CBBC and Cloud 9 suit up on Britt Allcroft’s scuba show
Hot on the heels of Australia’s Cloud 9 coming on-board as a co-producer, Britt Allcroft’s Scoobs has found its first on-air home. CBBC will make a splash with the live-action series in fall 2006, subject to cast and location approval. The ocean adventure show for six- to 11-year-olds centers around a group of deepsea-diving kid sleuths. Scoobs will head into production in January 2005 in Australasia, and worldwide distribution will be split between Britt Allcroft Productions and Cloud 9′s distribution arm, Cumulus.

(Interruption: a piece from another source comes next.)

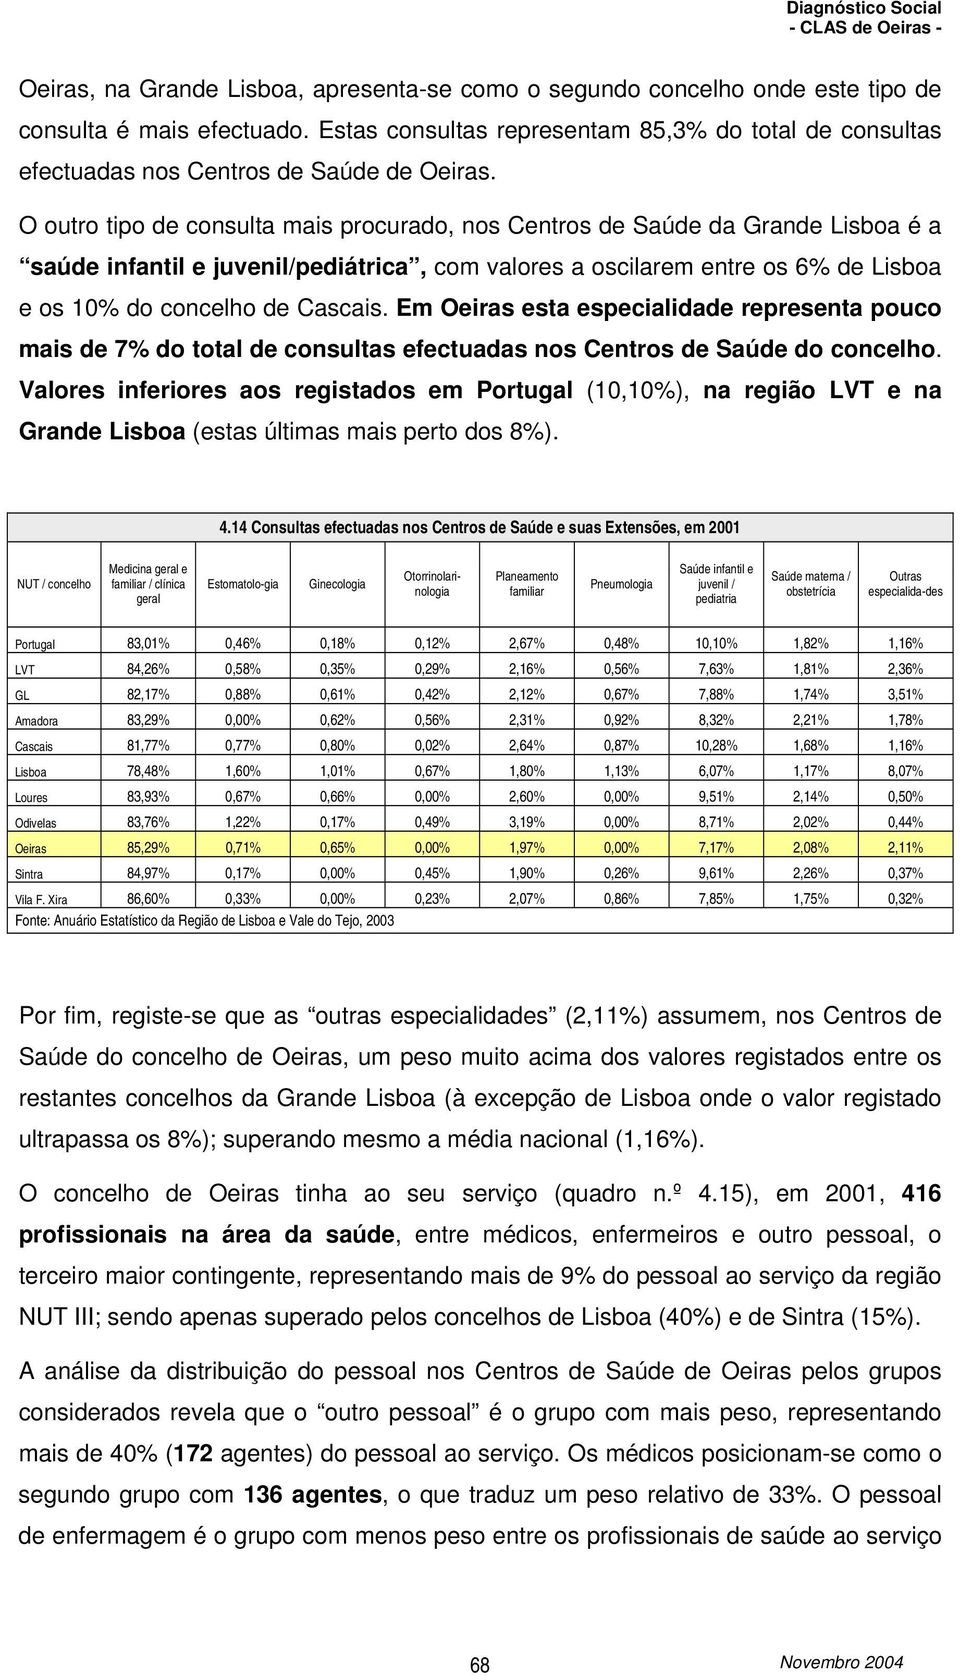 O outro tipo de consulta mais procurado, nos Centros de Saúde da Grande Lisboa é a saúde infantil e juvenil/pediátrica, com valores a oscilarem entre os 6% de Lisboa e os 10% do concelho de Cascais.
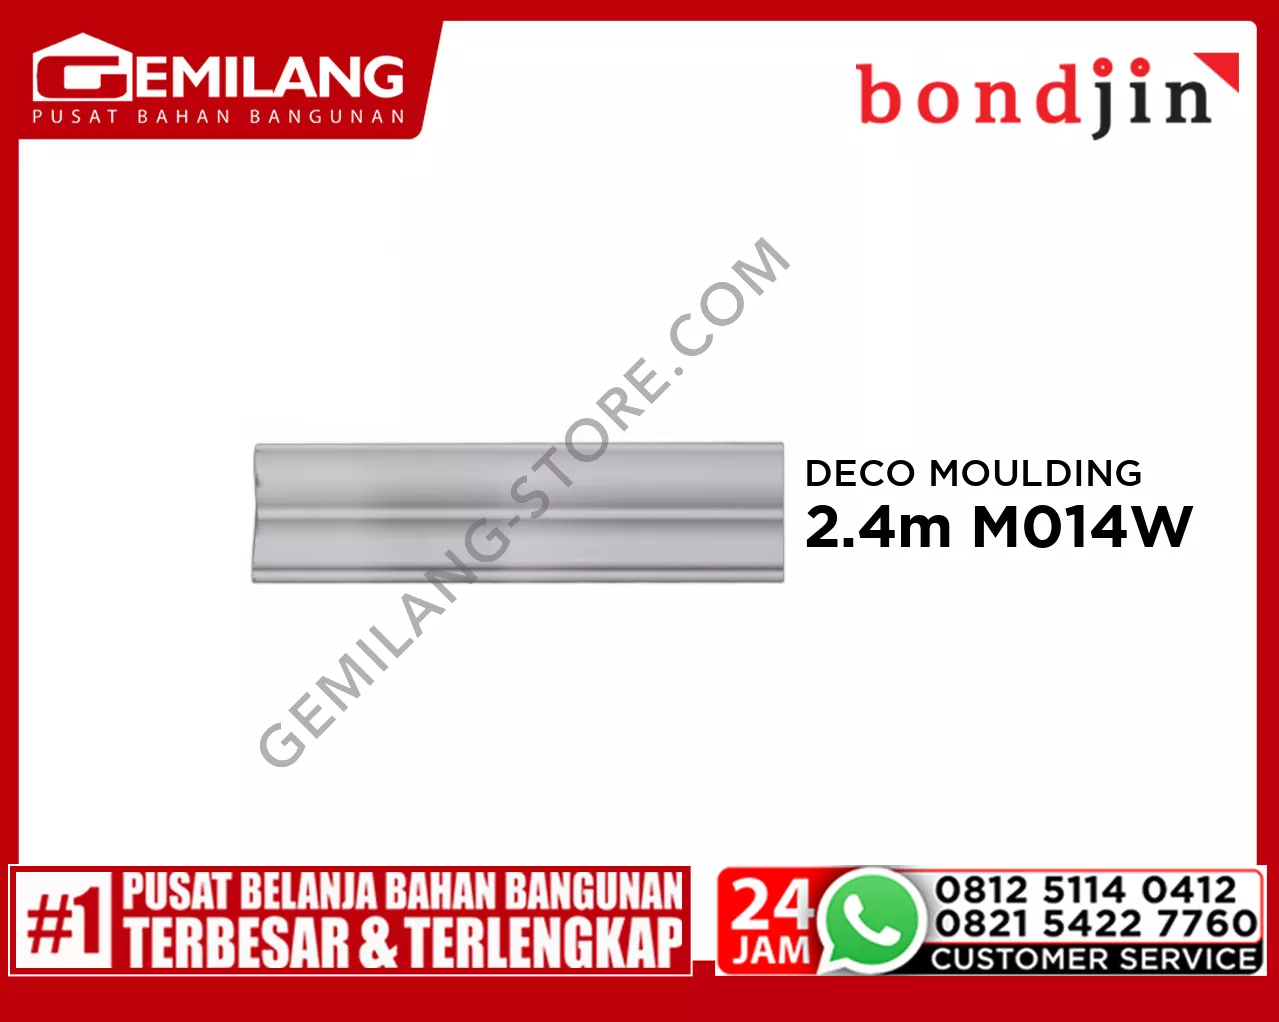 BONDJIN DECO MOULDING 2.4M M014-W

Marvel taps Antefilms for Fantastic Four tube foray
With the big screen and retail shelves covered, Marvel Enterprises is now gearing up to take its Fantastic Four franchise to the small screen with a little help from France’s Antefilms. The animation house behind Code Lyoko and Funky Cops has agreed to fund, produce and develop a 2-D/3-D show based on the superhero quartet. Set to debut in fall 2006, the 26 x half-hour series will be distributed internationally by Antefilm’s sales unit, Moonscoop, while Marvel will manage TV and DVD rights in the U.S.
Anime heavyweights form U.S. triumvirate
Looking to pool their resources and expertise in an effort to build on a combined 70% share of the State-side anime video market, the three largest genre specialists in the U.S. have teamed up in a new joint production venture. Houston, Texas-based ADV Films (which also owns the Anime Network), Fort Worth’s FUNimation Productions (Dragonball Z’s creator) and Geneon Entertainment (owned by Tokyo-based advertising behemoth Dentsu) out of Long Beach, California will work together to develop, produce and market new anime series for kids and young adults that will play out as TV and home entertainment properties.